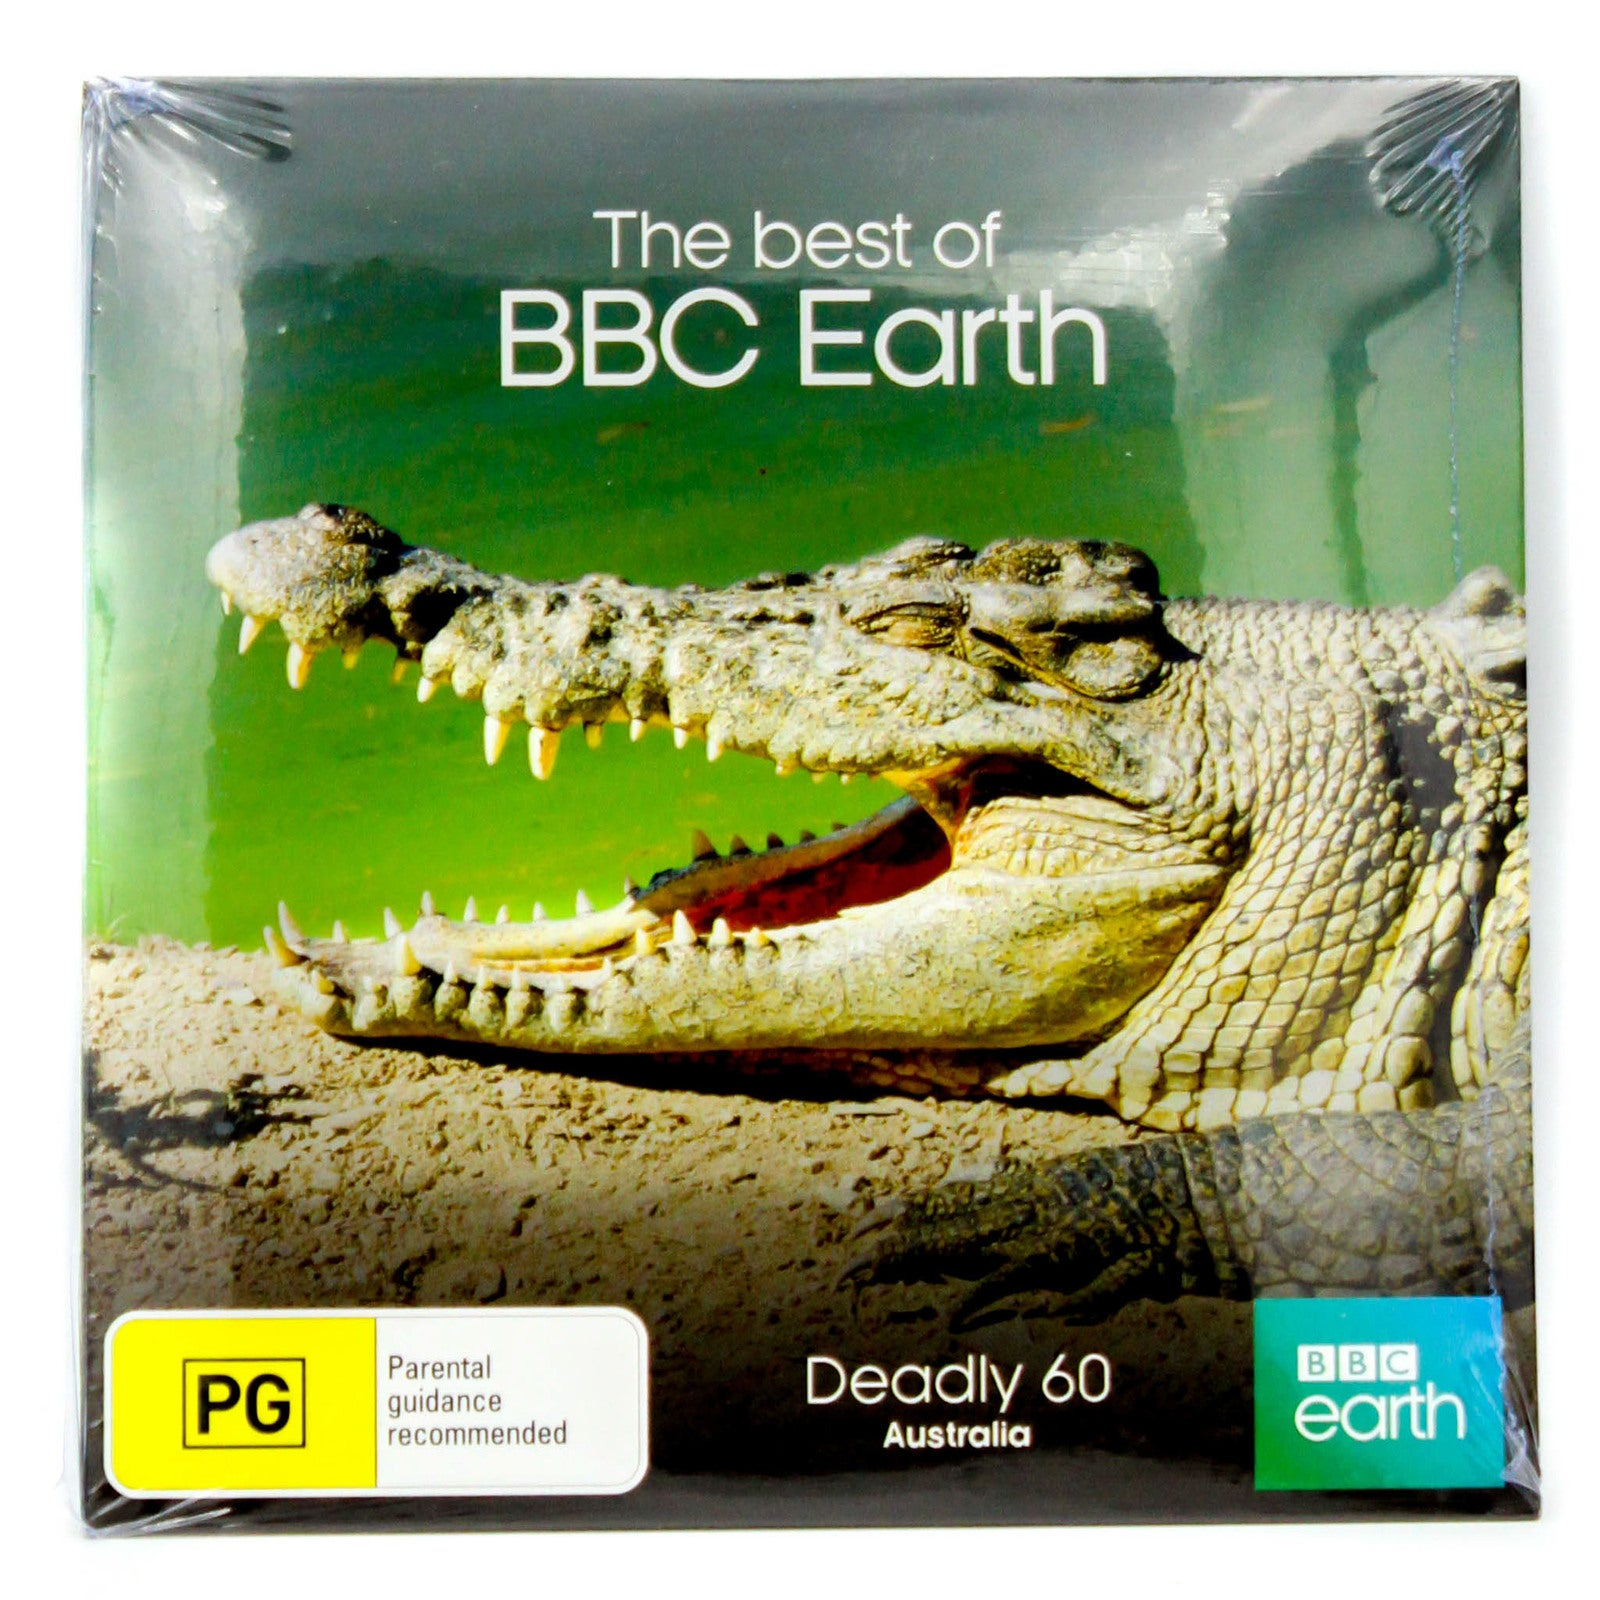 Deadly 60 Australia-BBC Earth-Slip Case - DVD Series Rare Aus Stock New
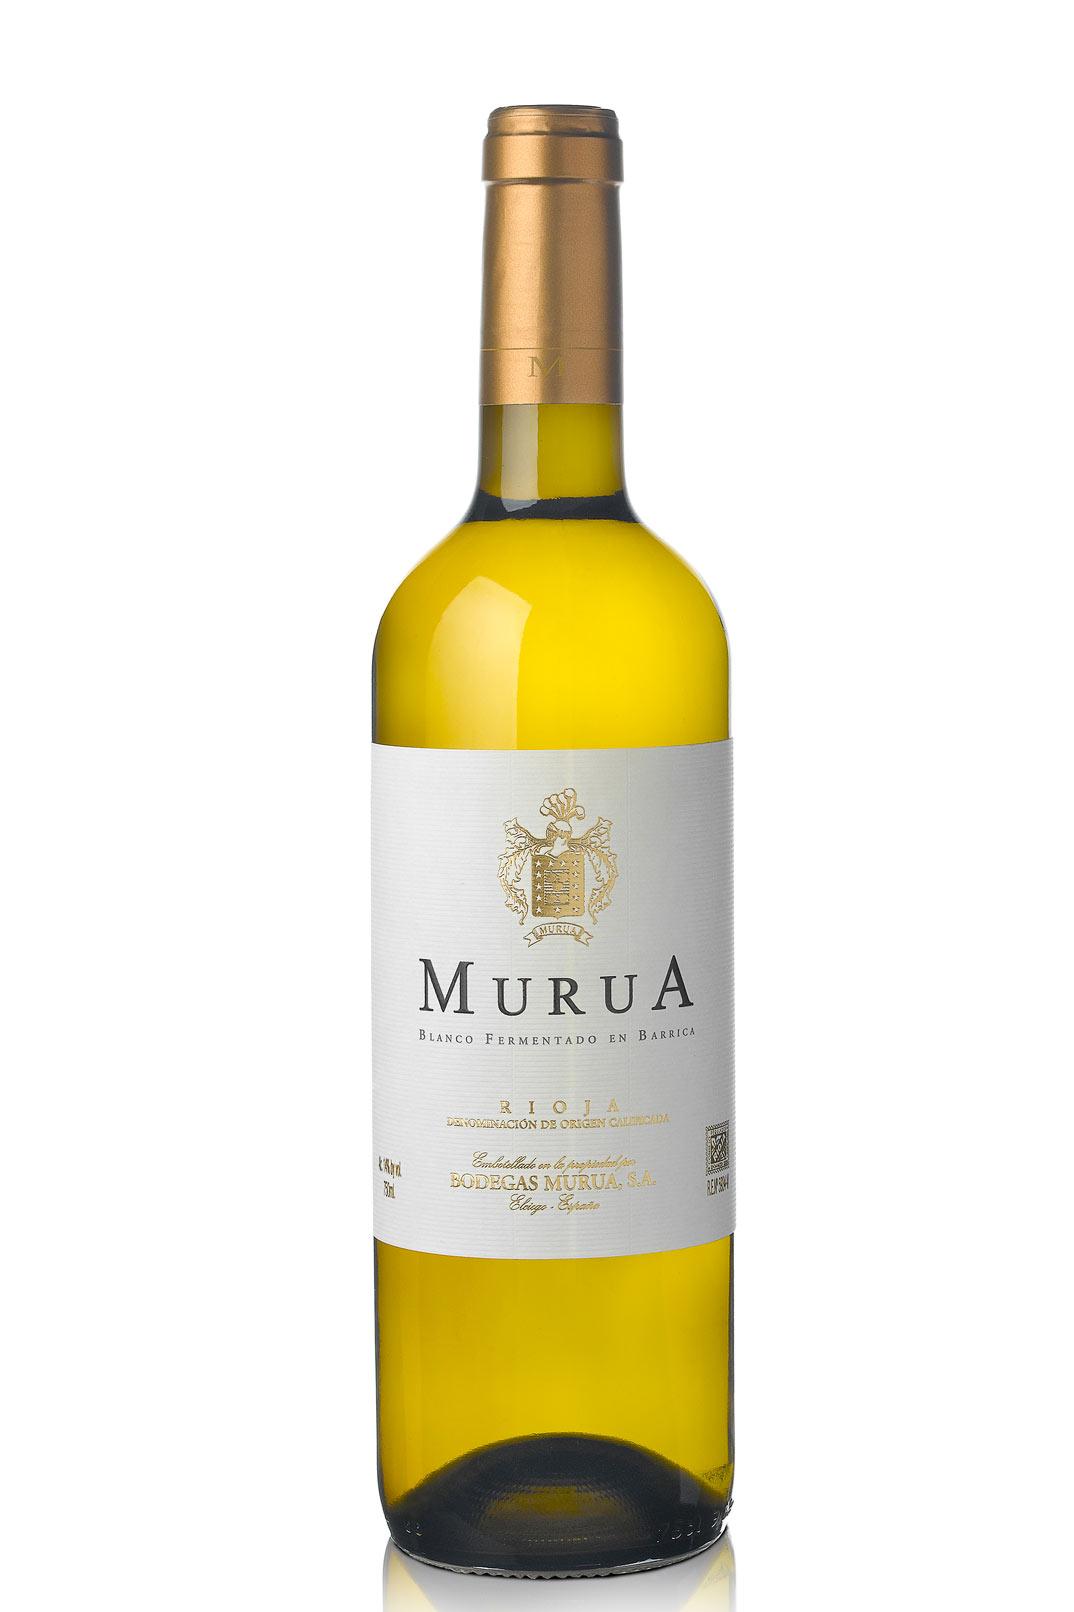 Murua-Blanco-Fermentado-en-Barrica
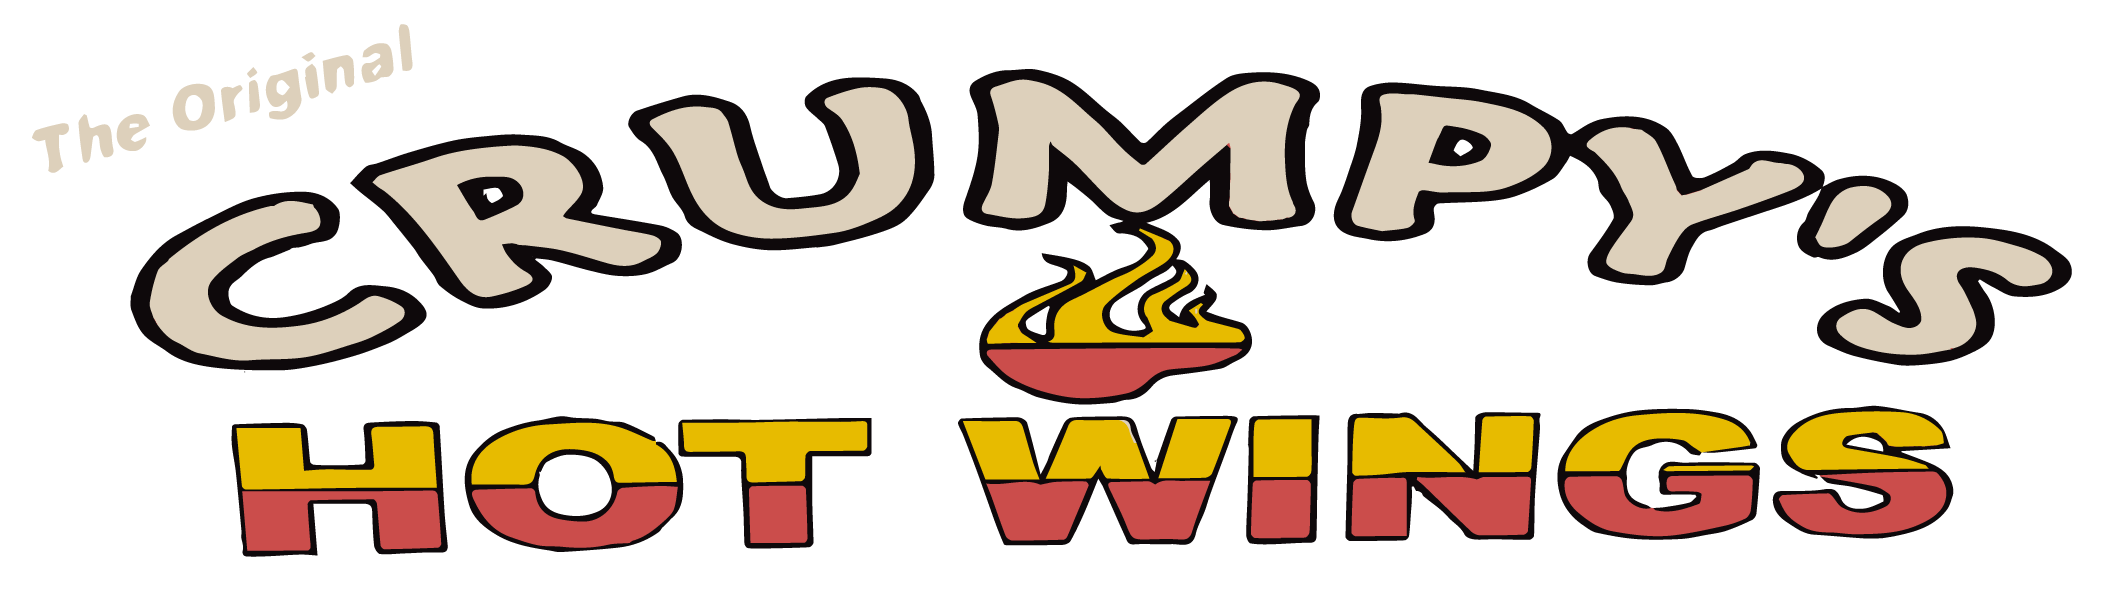 Crumpy's Old Logo

• Task directions: Please reproduce nothing but the lines from the one containing "Murua-Blanco-Fermentado-en-Barrica" through the closing line of the listing, retyped word for word, pictures excluded.

• Answer for this exercise:
 Murua-Blanco-Fermentado-en-Barrica
 Crumpy's Old Logo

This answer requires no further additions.